Татарин вошёл в женский туалет, когда я и отдышаться успела, и умыться. Посмотрел на меня, сидящую на полу, сверху вниз, на корточки передо мной присел, растрёпанные волосы с лица убрал.
— Иногда, чтобы человек пришёл в себя, ему следует отвесить хорошую оплеуху. — Сказал это и костяшками пальцев по моей щеке провёл. — Я не хочу делать тебе больно, Наташ, но если по-другому нельзя…
Вкрадчиво прошептал и смолк, давая осознать, что просто не будет, что с наскока не получится.
— Куда ты лезешь?! — Вызверился, резко вперёд подаваясь. — Не сильная, нет!
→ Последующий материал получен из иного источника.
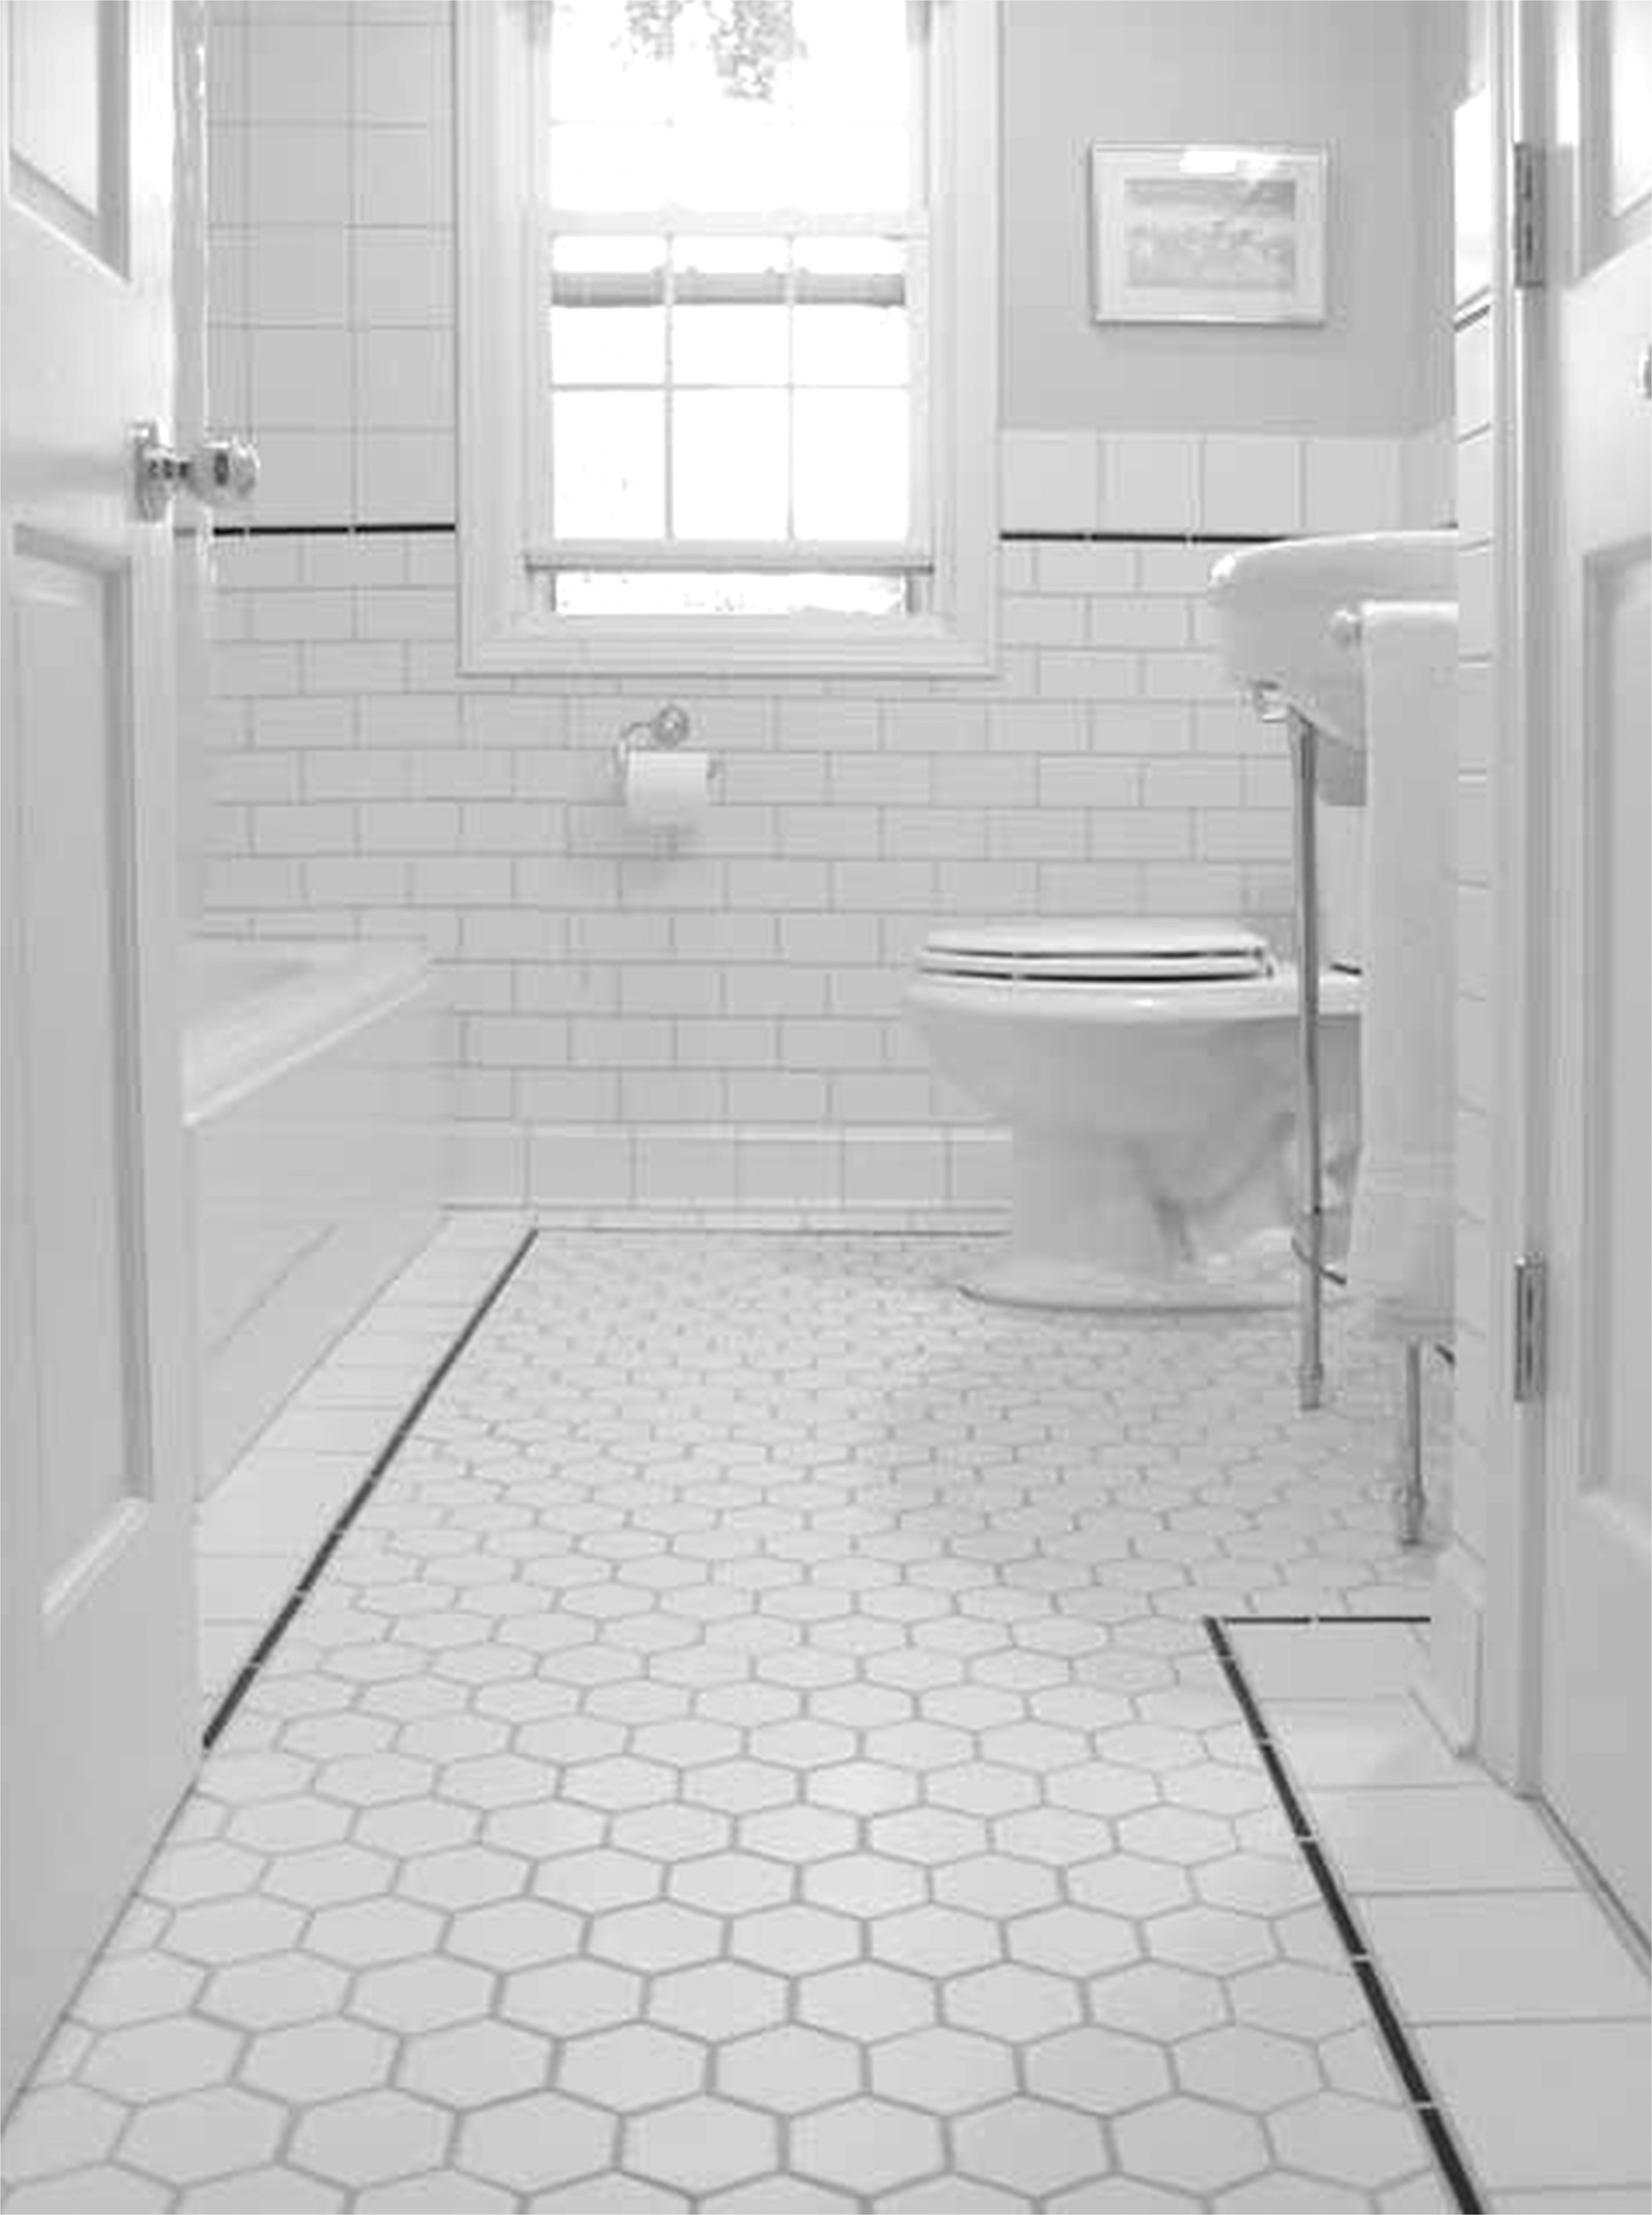 laying bathroom floor tiles new stunning inspirational installing faucet h sink new bathroom i 0d decor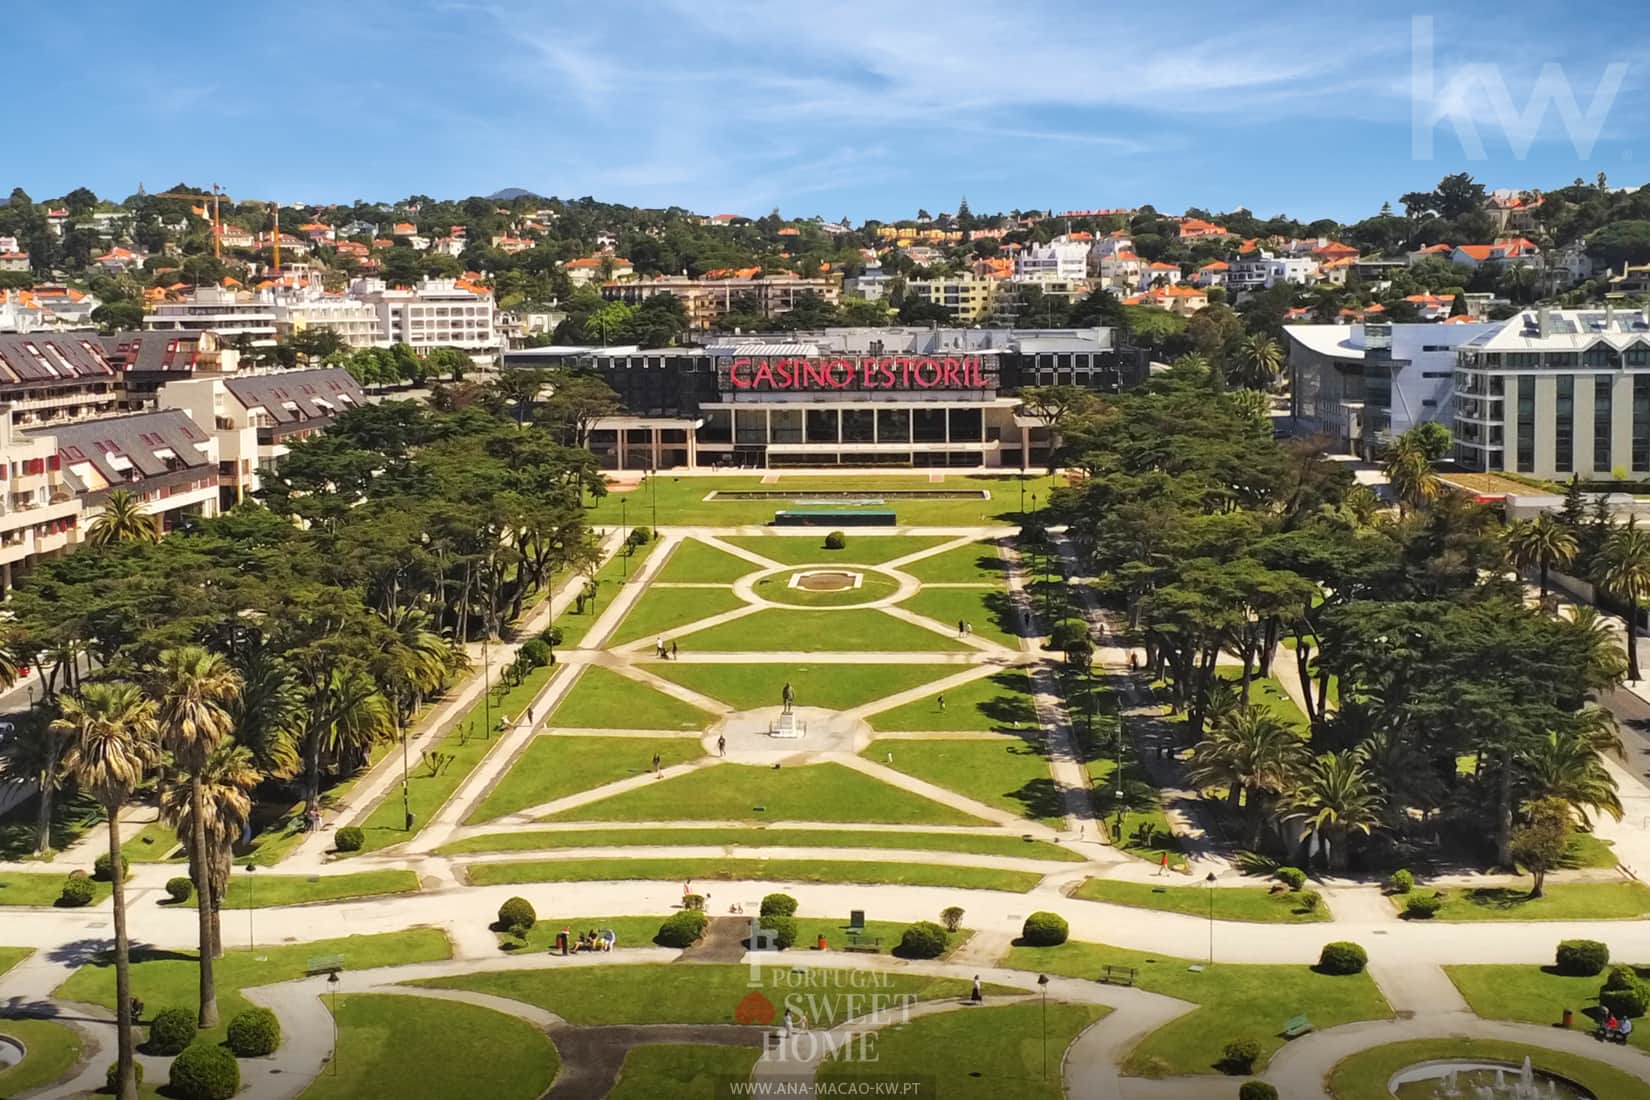 View of Casino Estoril, located nearby

Слабая, ранимая и беззащитная! — Разогнулся, на месте покрутился, потоптался, моё молчание воспринимая как протест. Сплюнул в сердцах и за ворот пальто вверх потянул. — Вставай давай! — Рыкнул и поперёд себя толкать вздумал, как вдруг переиначил, со спины подошёл, меня к стене прижал, всем весом наваливаясь. — Ну, неужели, Наташ… неужели всё это дерьмо важнее тебя самой?! — Прокричал на ухо, заставляя от резкого звука поморщиться.
— Что ты от меня хочешь, Татарин? — Устало пробормотала я, а он эту усталость воспринял, хватку ослабил. Лицом к себе развернул, за плечи придержал, понимая, что отпустить не успеет, как по стене вниз сползу.
— Я хочу, чтобы ты была счастлива. — Проговорил осторожно, тихо, чтобы и думать не смела, будто обманывает. А я на эту необъяснимую заботу язвительно улыбнулась, немощно, но всё же задиристо развела руками.
— Поздравляю! Твоё желание исполнилось: я счастлива…
— А я хочу, чтобы ты была счастлива со мной! — Взорвался Татарин криком так, что я голову в плечи вжала. Крепко зажмурилась, когда кулак в стену у моей головы врезался. — Я хочу, чтобы была счастлива со мной. — Повторил внушительно и будто спокойно. — Идём отсюда. — За руку дёрнул и до самого выхода из торгового центра за собой вёл.
На улице руку мою отпустил и направление, куда двигаться, указал.
— Мне пора. — Плечами пожал. — Сегодня прийти не смогу. — Добавил, на что я безучастно кивнула.
— Татарин, а как ты узнал, что она будет здесь?
— А ты думала, я так просто Анютку трахал, от большой любви или из нетерпения? — Жёстко хмыкнул он, а я снова кивнула, точно кукла.
— Ты ничего не делаешь просто так… — Догадалась, а он одарил поощряющей улыбкой.
— Схватываешь на лету!
— Что я буду должна тебе за посильную помощь?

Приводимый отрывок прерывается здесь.